NVIDIA on Tuesday announced what it said is the world’s first family of open-source artificial intelligence models designed to accelerate the development of practical quantum computers, as the chipmaker pushes deeper into tools for emerging computing systems.
The new model family, called NVIDIA Ising, is aimed at two of the biggest obstacles facing the quantum computing industry: calibrating quantum processors and correcting the errors that arise as fragile quantum systems operate. NVIDIA said the models can help researchers and companies build more scalable and reliable quantum machines capable of eventually running useful applications.
In a statement, CEO Jensen Huang said artificial intelligence is becoming central to making quantum computing practical, describing AI as the “control plane” for future quantum machines.
NVIDIA said the Ising family includes customizable models, tools and data for quantum calibration and quantum error-correction decoding. One model, Ising Calibration, is a vision-language model designed to interpret measurements from quantum processors and automate calibration tasks, which the company said could reduce the process from days to hours. Another, Ising Decoding, includes two variants of a 3D convolutional neural network optimized either for speed or accuracy in real-time quantum error correction. NVIDIA said those models are up to 2.5 times faster and three times more accurate than pyMatching, which it described as the current open-source industry standard.
The company said the models are already being adopted by a range of companies, universities and national laboratories. Users of Ising Calibration include Atom Computing, Academia Sinica, EeroQ, Conductor Quantum, Fermilab, Harvard’s John A. Paulson School of Engineering and Applied Sciences, Infleqtion, IonQ, IQM Quantum Computers, Lawrence Berkeley National Laboratory’s Advanced Quantum Testbed, Q-CTRL and the U.K. National Physical Laboratory. NVIDIA said Ising Decoding is being deployed by Cornell University, EdenCode, Infleqtion, IQM Quantum Computers, Quantum Elements, Sandia National Laboratories, SEEQC, the University of California San Diego, UC Santa Barbara, the University of Chicago, the University of Southern California and Yonsei University.
NVIDIA said it is also releasing a cookbook of quantum-computing workflows, training data and NVIDIA NIM microservices to help developers fine-tune the models for specific hardware and use cases while keeping control of their data and infrastructure. The models can also run locally on researchers’ systems, the company said.
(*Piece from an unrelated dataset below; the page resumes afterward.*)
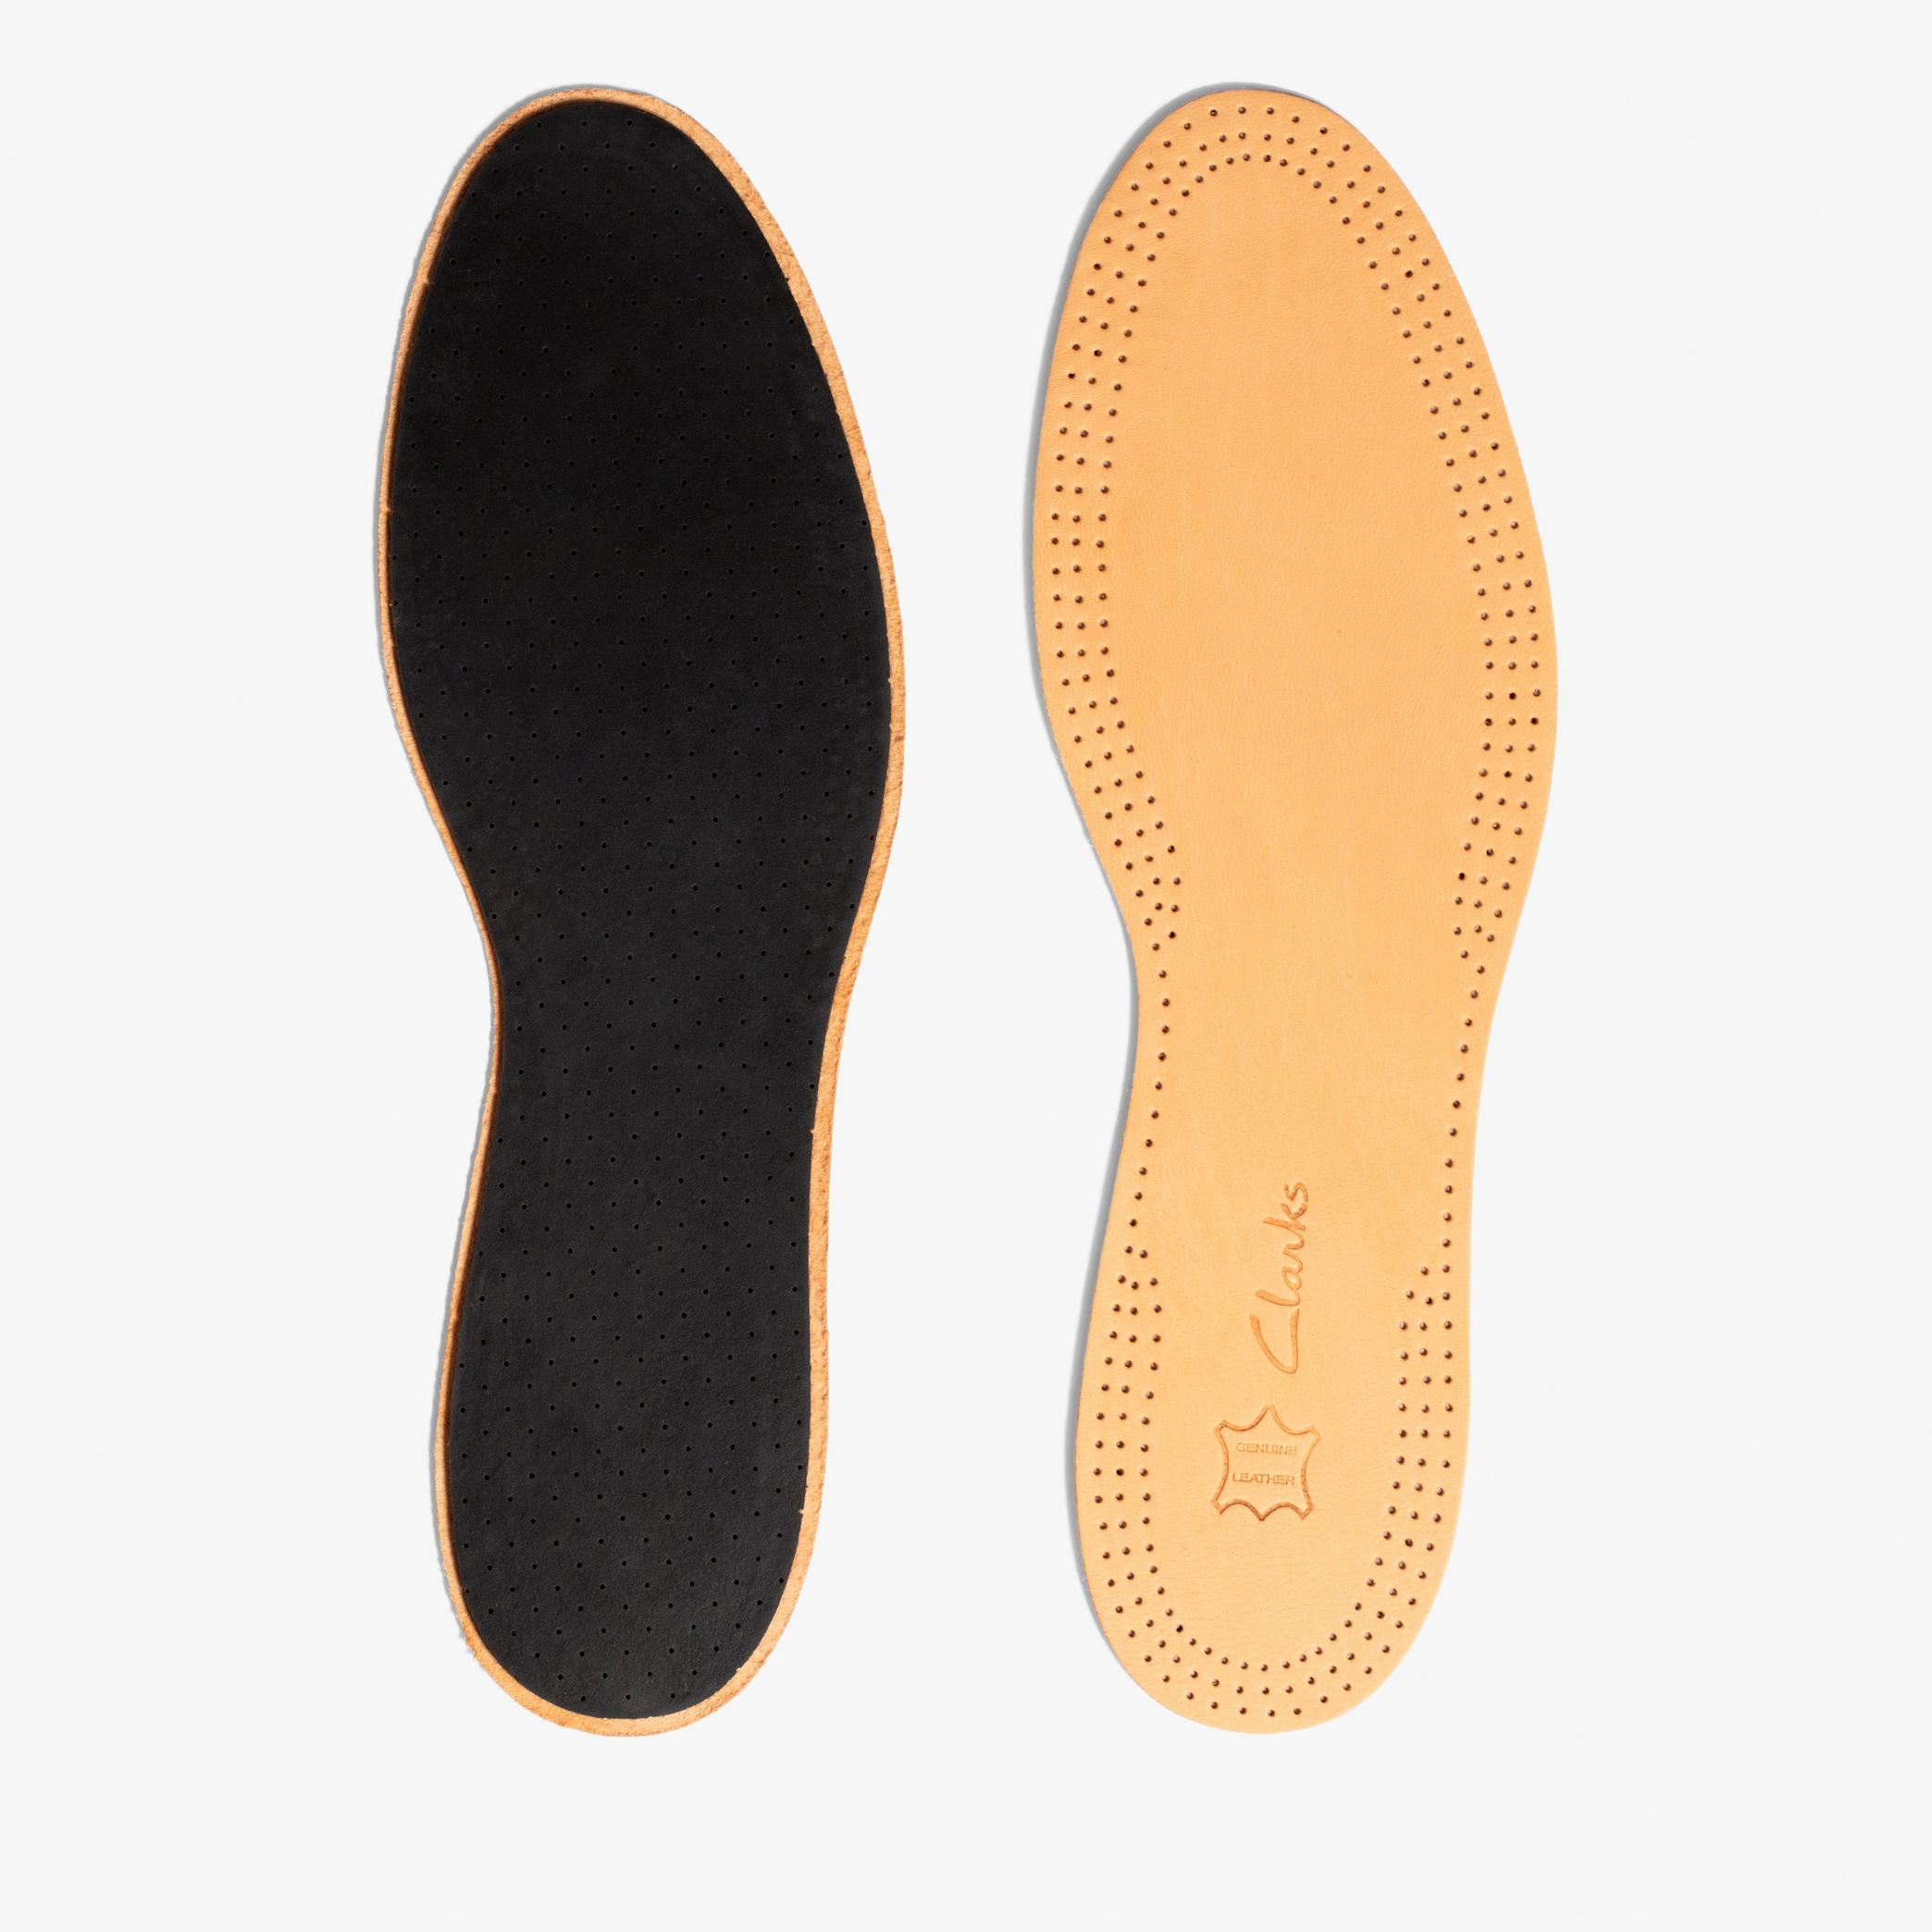 Leather insole size 7  Insoles, view 2 of 3

The launch adds to NVIDIA’s broader portfolio of open models, which includes systems for agentic AI, physical AI, autonomous vehicles, robotics and biomedical research. The company said Ising is designed to complement its CUDA-Q software platform for hybrid quantum-classical computing and to integrate with NVQLink, its QPU-GPU interconnect aimed at real-time control and error correction in quantum systems.
Quantum computing remains an emerging field in which companies and researchers are trying to make unstable quantum bits, or qubits, reliable enough for large-scale use. NVIDIA cited analyst firm Resonance as projecting that the quantum computing market will surpass $11 billion by 2030, though the industry’s growth is expected to depend heavily on breakthroughs in engineering challenges such as error correction and scalability.